Lives Less Ordinary: Jorge Consiglio's Fate | The Quietus

Lives Less Ordinary: Jorge Consiglio’s Fate

Jorge Consiglio's Fate, newly translated by Carolina Orloff and Fionn Petch and published by Charco Press, places ordinary lives in extraordinary circumstances in fresh, candid prose, finds Hannah Clark

Fate follows a grand tradition within literature: tales of ordinary lives rendered extraordinary by a series of surreal events and the enchanting universal chaos of chance encounters. As author Jorge Consiglio writes in his opening letter to the reader (a beautifully expressed consideration of his work which is deeply enjoyable in its own right), “The characters … catch glimpses of beauty and love, and these inklings justify them somehow, spurring them to act.”

Set in Consiglio’s hometown of Buenos Aires, there are two key story strands within Fate (originally published as Tres Mondeas in 2018). The gradual break-down of a marriage between Karl, a German oboist, and Marina, a fiery biologist; and a blossoming, gritty romance between Amer, a taxidermist on the brink of critical acclaim within his field, and Clara, his mysterious love-interest, twenty-years younger than Amer and at a crossroads in her own life having recently decided to quit her job and re-train as a PE teacher.

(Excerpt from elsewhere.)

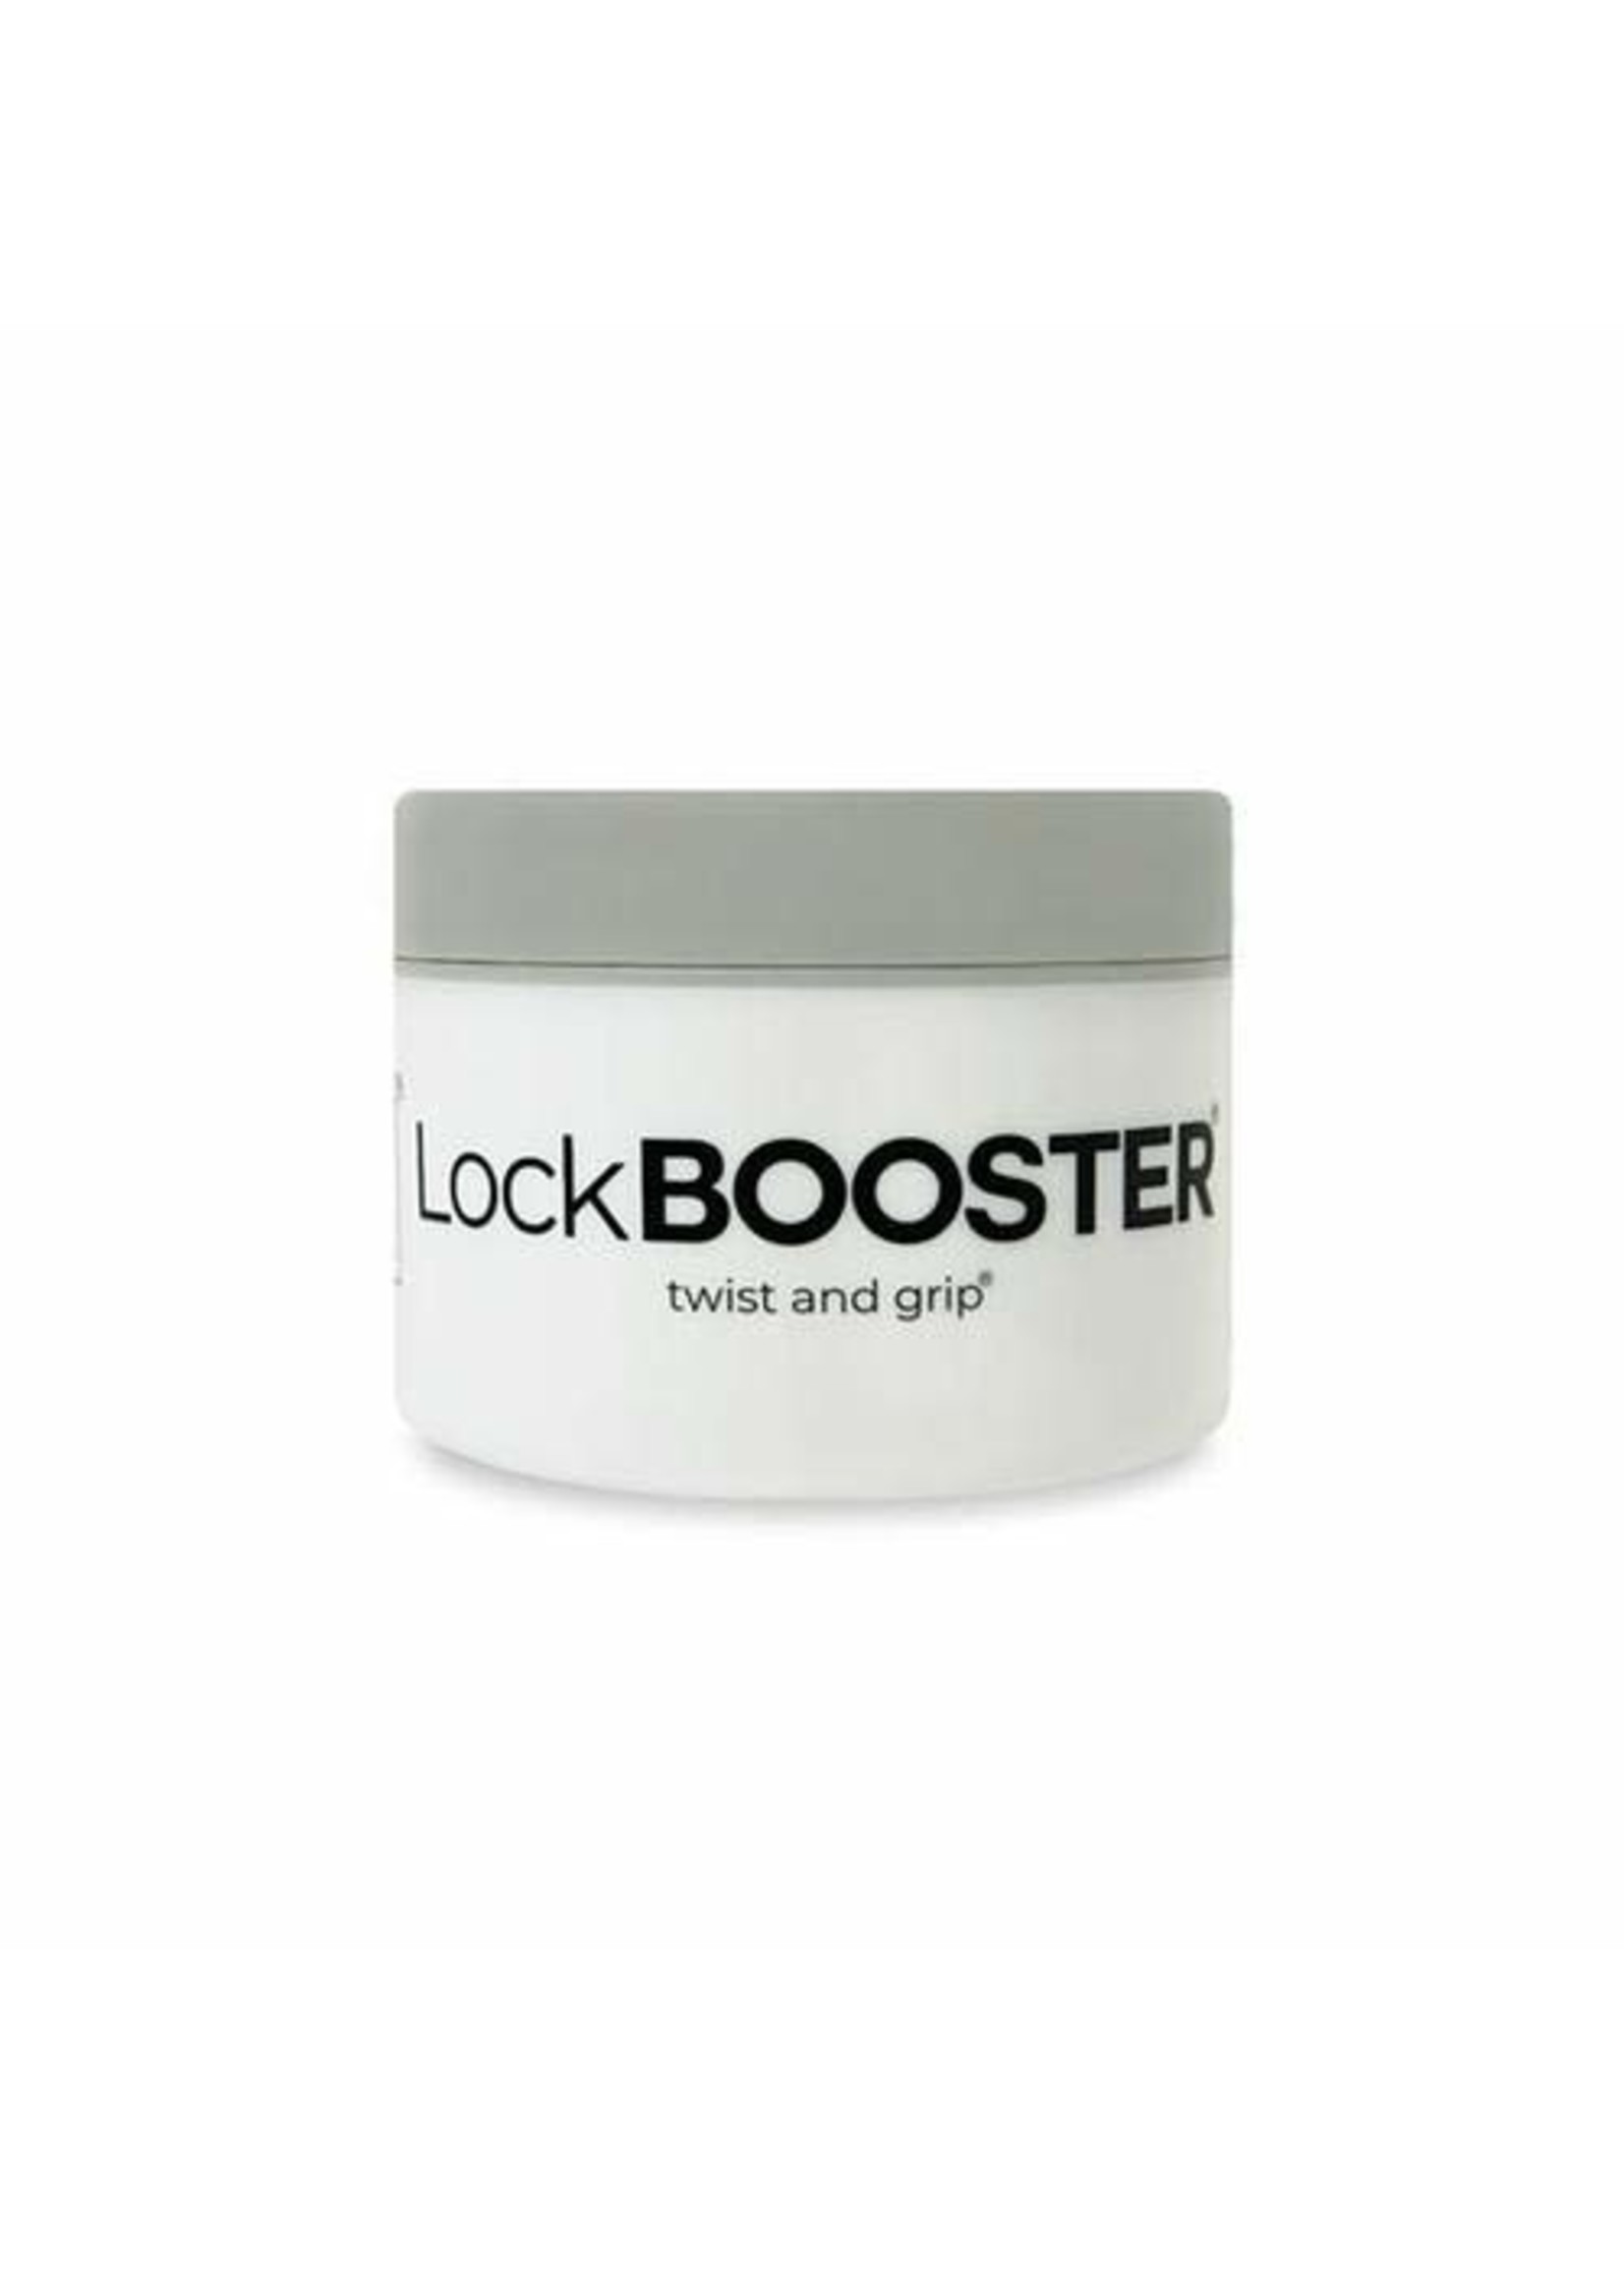 Edge Booster Lock Booster Coconut Oil Grey Top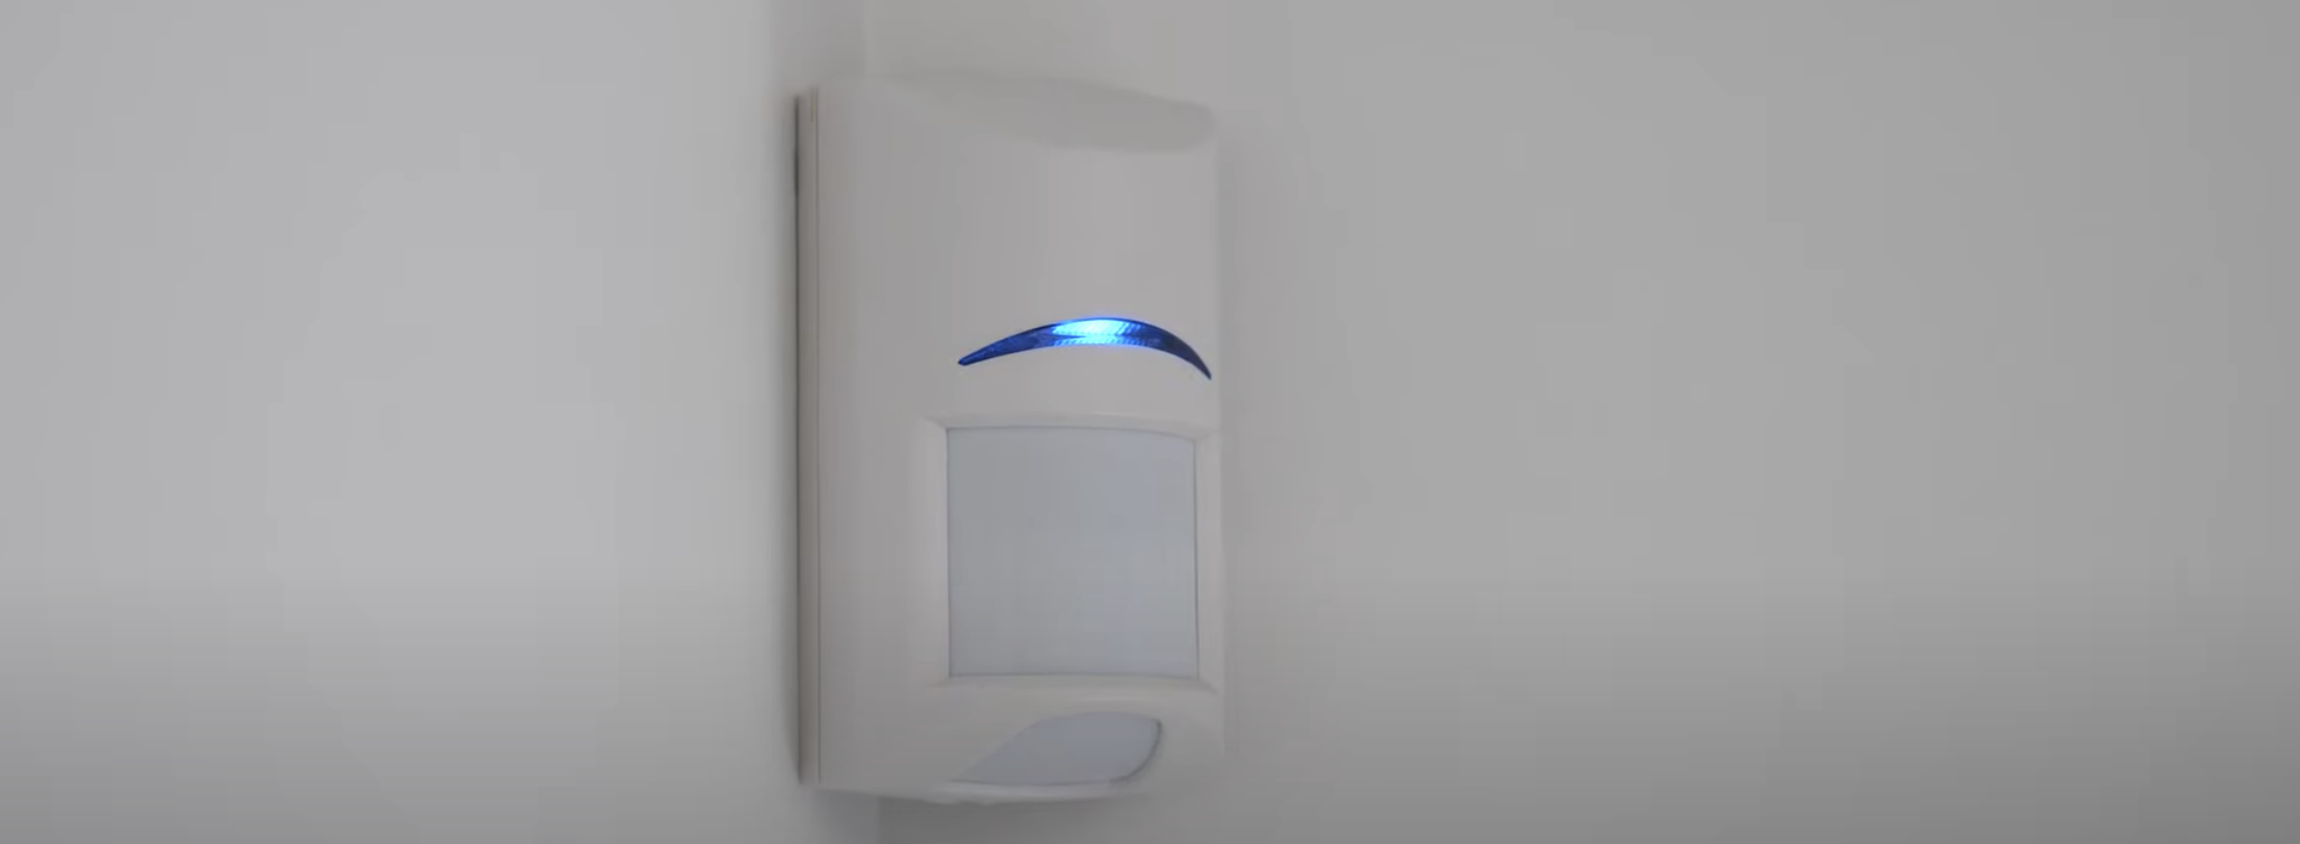 Burglar alarm mounted in corner of room.

Throughout this novel the word ‘fate’ will reverberate in the mind of the reader as events unfold. Alongside the four characters mentioned above are two other primary characters: Simón and Zárate. Zárate is the married man Marina has an affair with. “It was a fleeting touch, a slightly less than casual spark … Above their heads, clinging to a wall marked by moisture stains a bougainvillea fanned out its branches and somehow concealed the night.” Simón is Karl and Marina’s six-year-old son. The presence of Simón intensifies the failing relationship between Karl and Marina, his own young life caught and bound so fully with their own that it is at times painful to observe the choices his parents make and as a reader you are left wondering what effect his parents’ quest for happiness will have on Simon’s own life.

With the exception of Simon, all these characters are driven by either passion, desperation, or a heady mixture of the two, the story follows them over several weeks and months as they strive to grab as much of life as they possibly can; making and breaking commitments to themselves and each other as they are relentlessly battered by the improbable, unstoppable motion of an ordinary life.

It is a story which is accessible enough for readers to empathise broadly with, whilst also being strange enough to pique and maintain interest – think Zadie Smith’s searing London epic N W or Sarah Moss’ breath-taking Ghost Wall. We see Marina battling with a nest of ants whilst also wrestling with her belief in herself and the life she has made, which rushes ahead of her as surely and mercilessly as the ants she tries to crush. Karl, who plays in an orchestra, is used to being around people who both bolster and depend on him to enable the whole to function with ease, and yet he finds himself becoming increasingly isolated and at a loss for how to act. Clara is the only character we learn of purely through the eyes on another, the infatuated Amer. Amer, who is used to working with dead animals to restore a resemblance of life to them, falls in love with his own projected idea of Clara, who is skittish of his motives. Throughout the novel the two strive to reconcile their expectations for romance with the reality they are living together, a situation which swings from being desperately frustrating to being heart-warmingly sweet.

In his opening letter, Consiglio notes that, “The English translation is impeccable and captures every nuance of the original”. This is a deeply comforting thing to hear from the author, however, even without this, and although I only have the linguistic abilities to access the English version, I would feel confident in asserting that the translators, Carolina Orloff and Fionn Petch, have sublimely captured the raw essence of poetry in Consiglio’s layered and deceptively straightforward writing style. Their styling allows the delicacy of moments such as: “The light streaming in from the street got tangled in Karl’s hair before it spilled onto the table” to flit across the page, weaving themselves seamlessly into the larger, more commonplace narrative arcs.

A slim, powerful novel packed full of sensuality and written in fresh, candid prose, Fate carries an air of restlessness which identifies with, and gives voice to, the complexities and mysteries we each encounter in life. Fate is not a gentle read, it is challenging and insightful, hopeful and heart-breaking. It is a novel which will stay with you for some time after you turn your gaze away from its philosophical final line and resume your own ordinarily extraordinary life.